Since its re-listing by the Australia Government as a terrorist organisation on 9 August 2008, networks with familial and social links to JI have conducted attacks specifically targeting Western interests. Information and materiel seized in operations against JI linked individuals since 2008 demonstrate JI retains the capability and intent to use violence to achieve its goals - and networks linked to JI continue to plan to conduct terrorist attacks in Southeast Asia.

Directly or indirectly fostering the doing of terrorist acts or advocating the doing of terrorist acts

JI remains focussed on Dakwah (Islamic outreach) and its publishing operations to promote an extreme interpretation of Islam. JI’s network of 35 or so religious schools continually works to inculcate future generations of Indonesian youths in this extreme form of Islam designed to develop a support base in Indonesia for an Islamic State under Islamic Law, and legitimatise the use of violence to achieve their objectives. 

Conclusion  

On the basis of the above information, ASIO assesses that JI is continuing to directly and indirectly engage in, preparing, planning, assisting in, fostering and advocating the doing of terrorist acts involving threats to human life and serious damage to property.  

In the course of pursuing its objective of creating an Islamic state under Sharia (Islamic law) in Indonesia and a pan-Islamic Caliphate in South East Asia, JI is known to have engaged in acts that:  

The above acts include actions which have been done or threatened with the intention of advancing a political, religious or ideological cause and with the intention of coercing or influencing by intimidation, the Government and people of Indonesia which they consider apostate. The actions or threatened actions which JI are assessed to be involved in would, if successfully completed, cause serious physical harm and death to persons and serious damage to property.

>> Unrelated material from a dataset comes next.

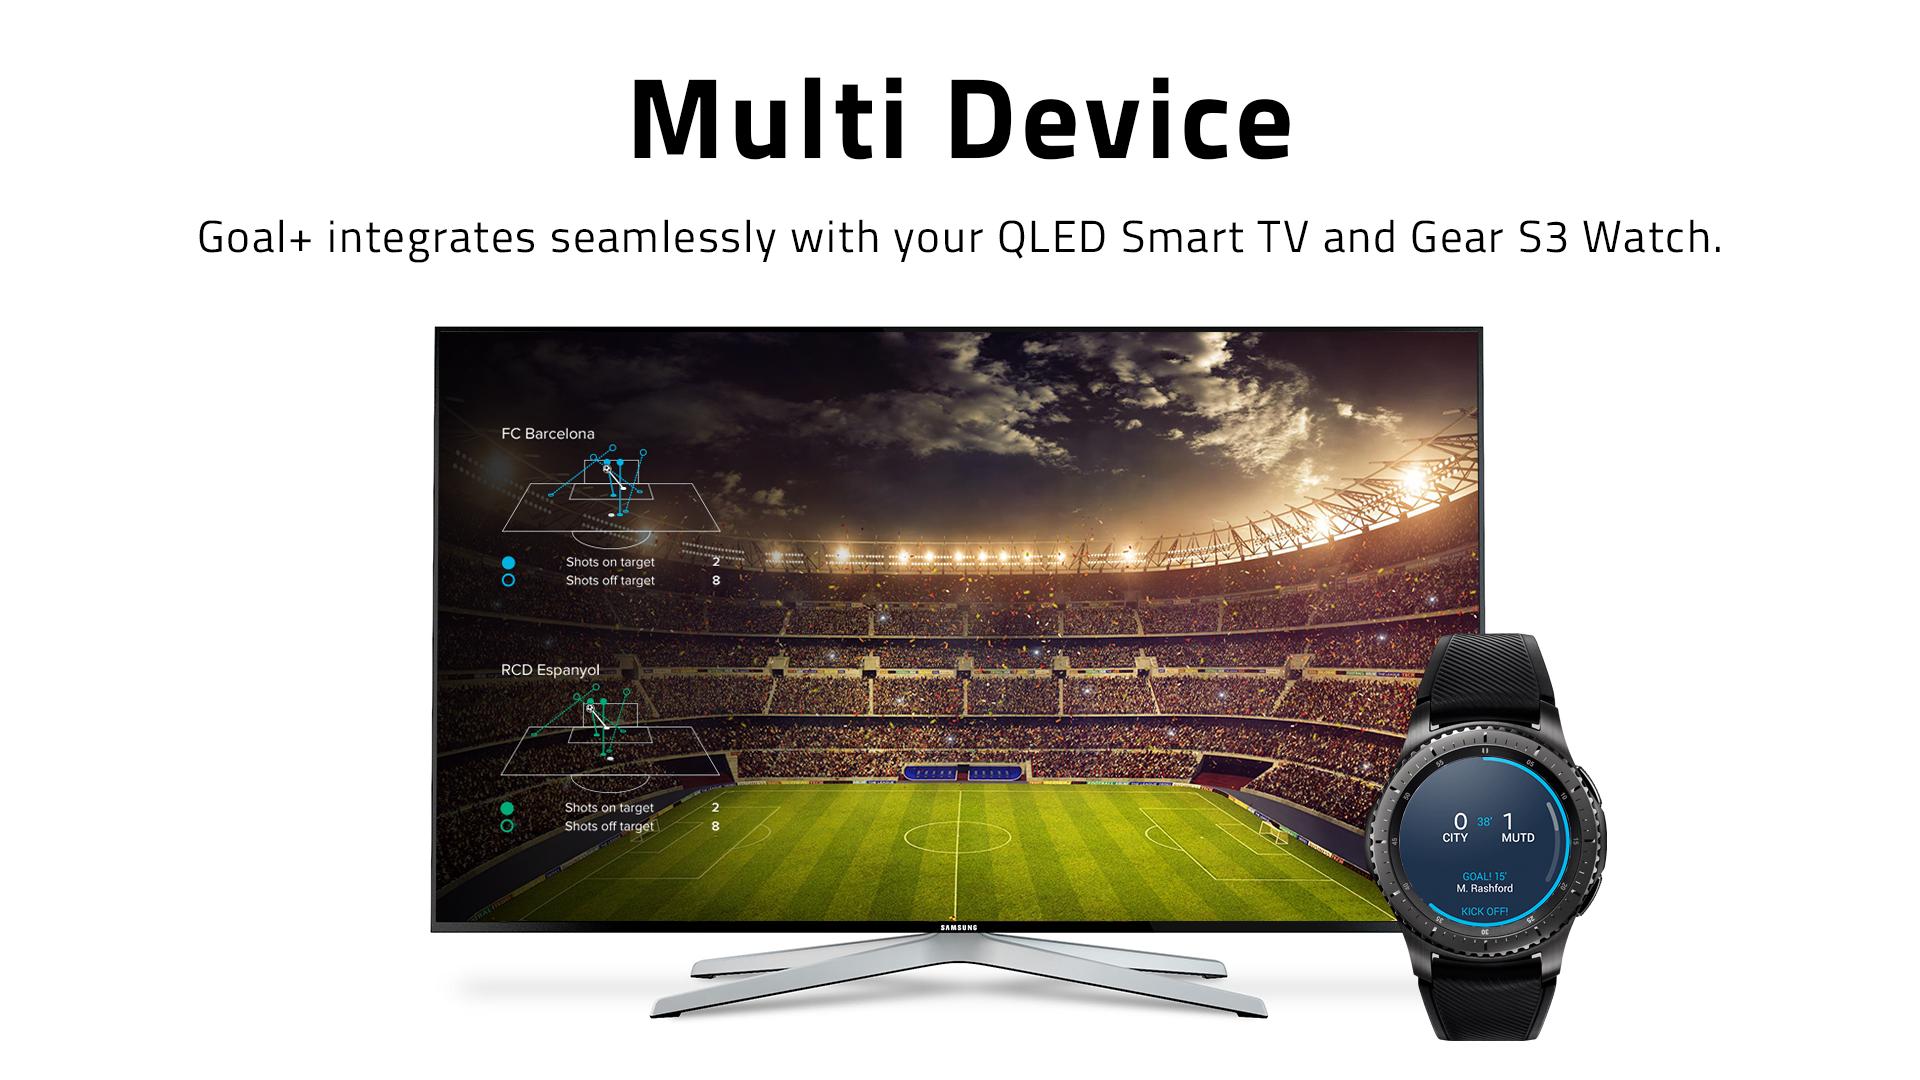 Samsung Goal+ S9 multi device

Other relevant information

Links to other terrorist groups or networks

Having a common heritage in DI has facilitated close links between JI and other violent extremist groups in Indonesia. These groups, including DI remnants, Front Pembela Islam (FPI), Majelis Mujahidin Indonesia (MMI), KOMPAK (Crisis Action Committee), and Laskar Jundullah, provide recruits and support networks for JI activity. JI continues to recruit covertly from its network of pesantren (Islamic boarding schools), religious study groups and through personal contacts.

JI’s domestic and regional extremist links were reinforced by the simultaneous presence of JI and non-JI Southeast Asian militants in al-Qa’ida training camps in the late 1980s and early 1990s JI’s ‘Afghan Alumni’ cultivated organisational and personal relationships with foreign extremist groups, such as al-Qaida, while training and fighting in Afghanistan. Links were also forged with Southeast Asian extremist groups, laying the foundation for the current JI collaboration with militant groups in the Philippines. JI has linkages to the Abu Sayyaf Group – particularly through fugitive JI operative Umar Patek and Dulmatin, who was recently killed by Indonesian Security forces – and the Moro Islamic Liberation Front (MILF), who still provide refuge to JI personnel despite ongoing MILF/Philippines Government peace negotiations.

Proscription by the UN and other countries

JI is listed in the United Nation’s 1267 Committee’s consolidated list and as a proscribed terrorist organisation by the governments of Canada, New Zealand, the UK and the US.